**Problem description:** Please set down only the lines below starting with the line with "Manuel de l'utilisateur" and going on through the line with "Fotomural círculos abstractos", verbatim and without pictures.

(Records shown Opens)

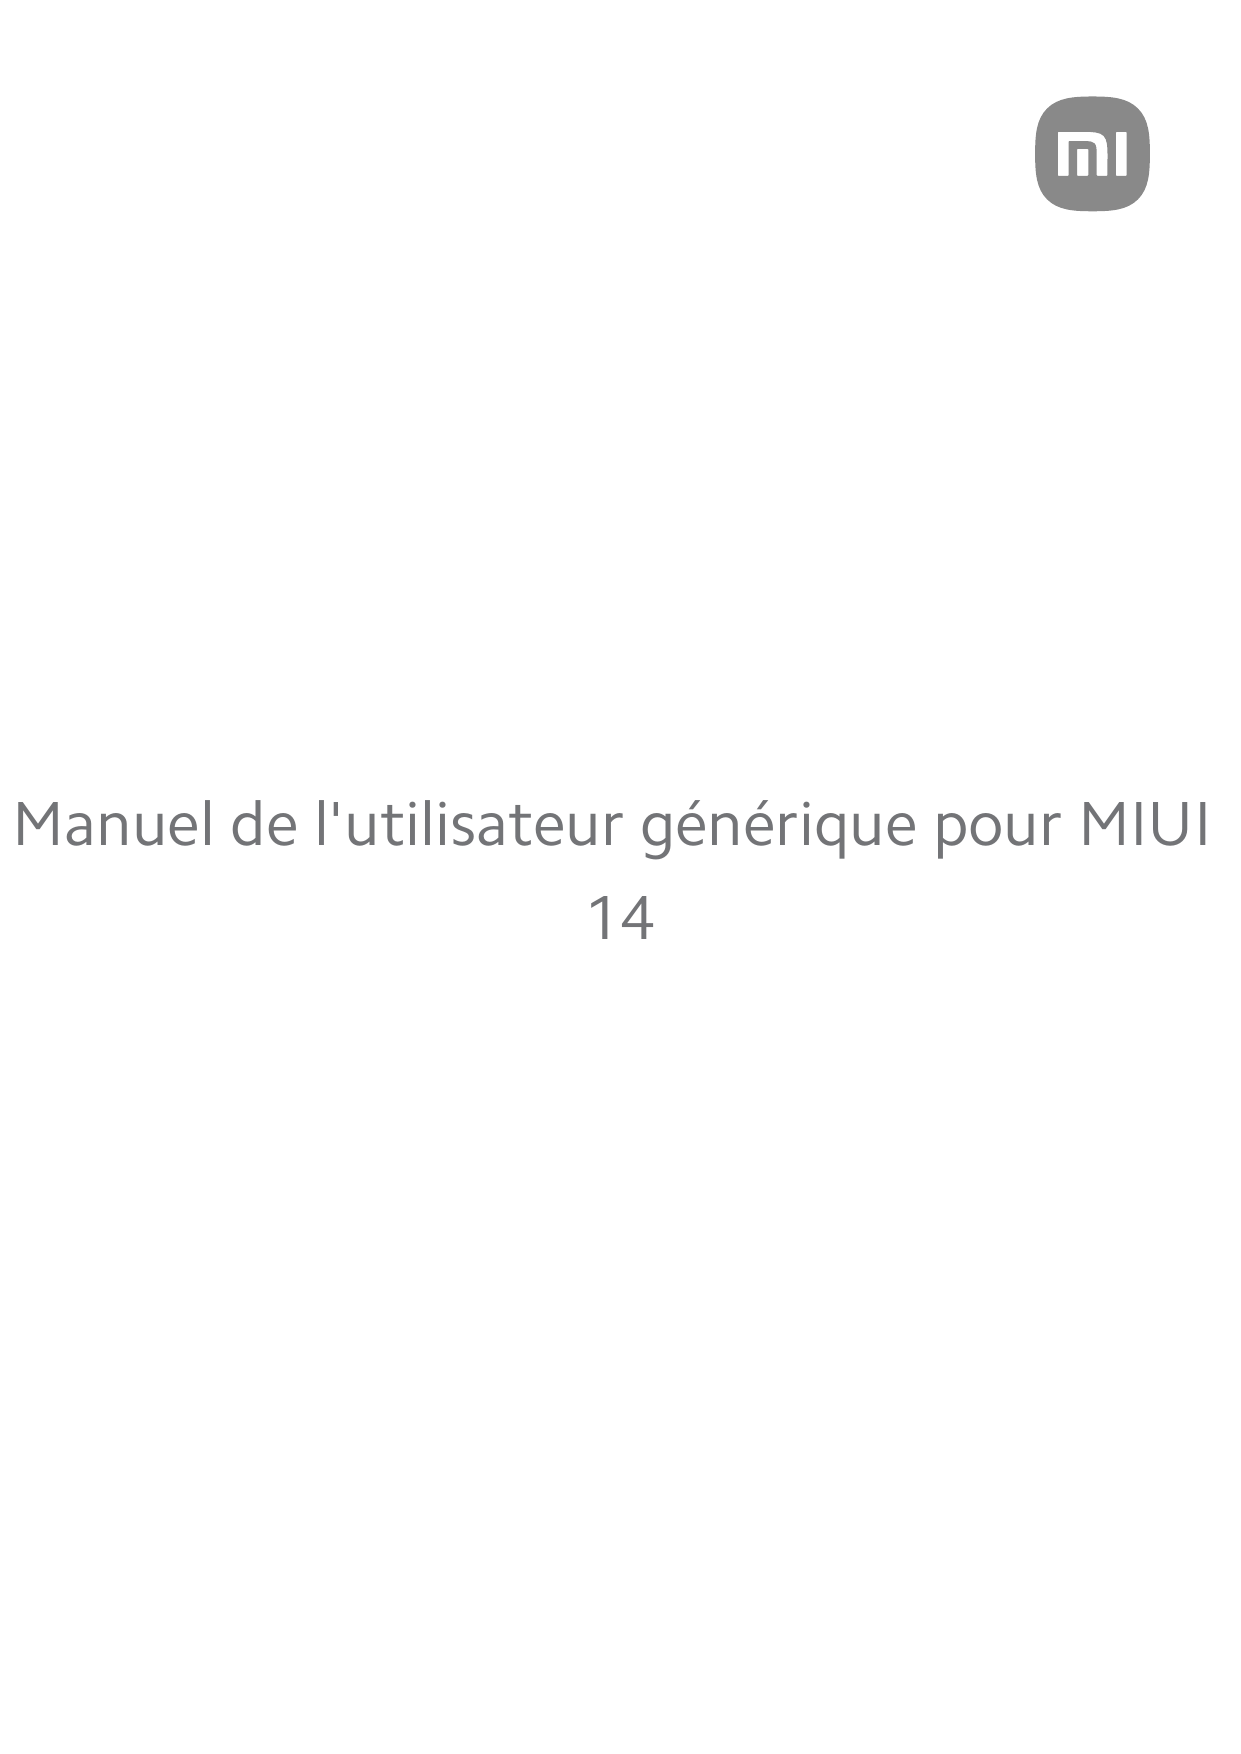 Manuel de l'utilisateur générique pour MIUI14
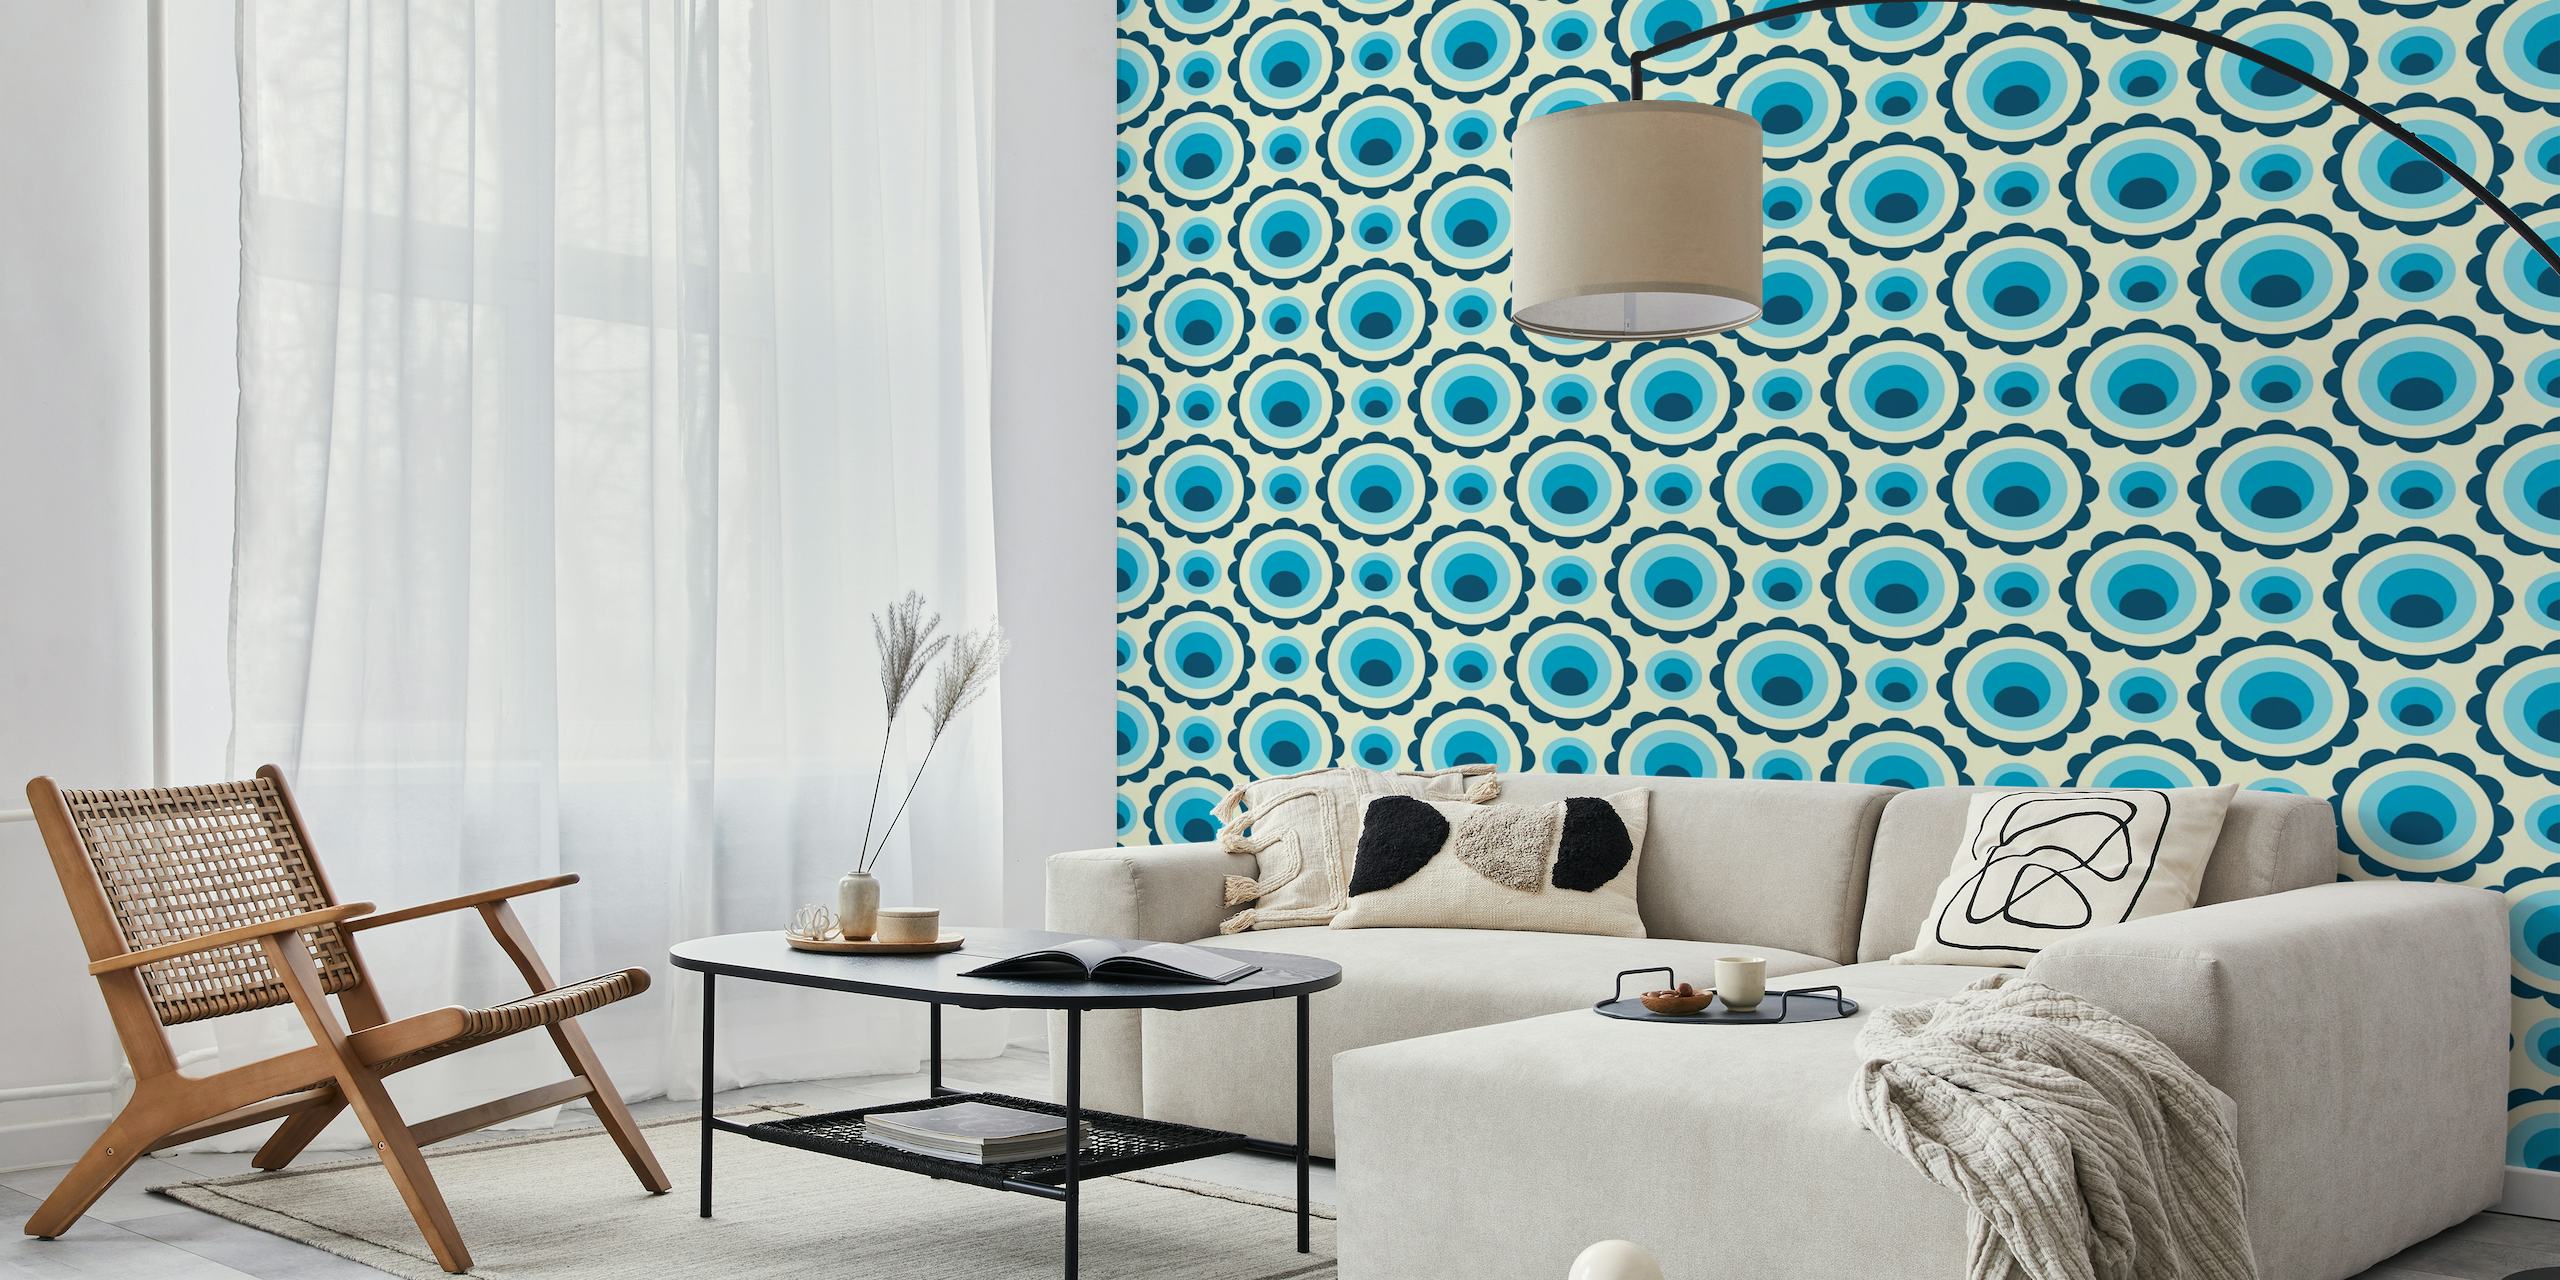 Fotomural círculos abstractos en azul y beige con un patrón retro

(Records shown Closes)
(Records shown Opens)

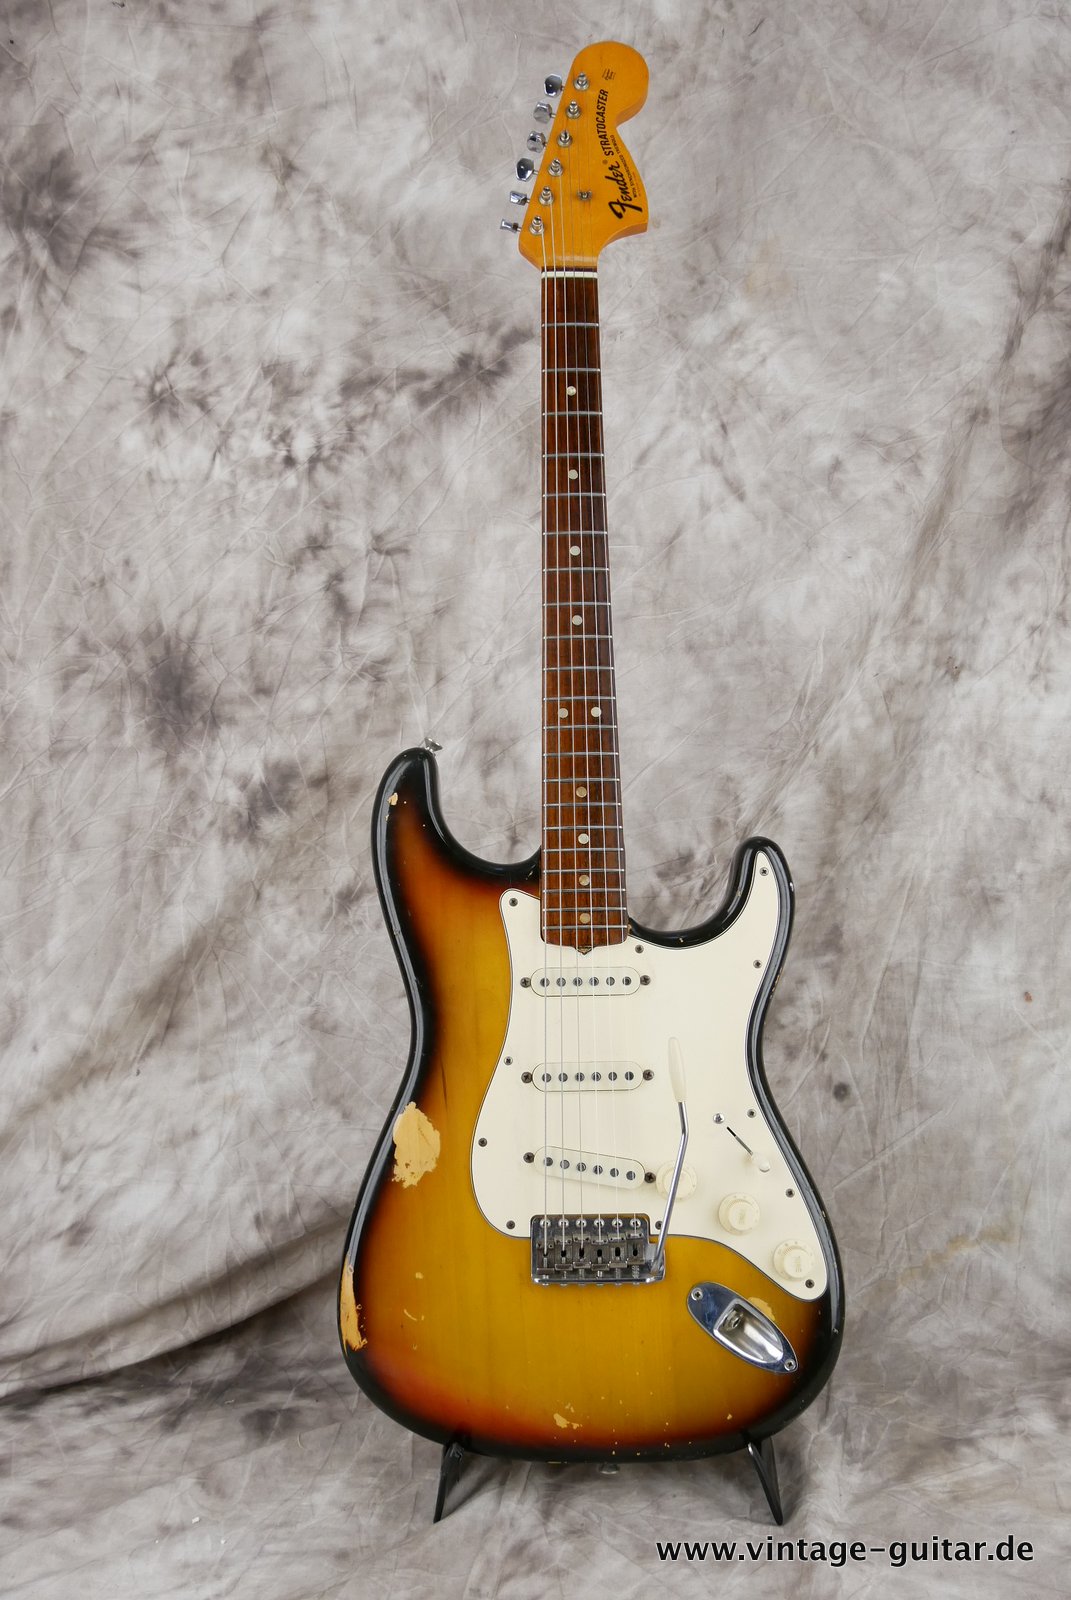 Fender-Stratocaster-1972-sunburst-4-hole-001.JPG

(Records shown Closes)

**Written response:**
 Manuel de l'utilisateur générique pour MIUI14
 Fotomural círculos abstractos en azul y beige con un patrón retro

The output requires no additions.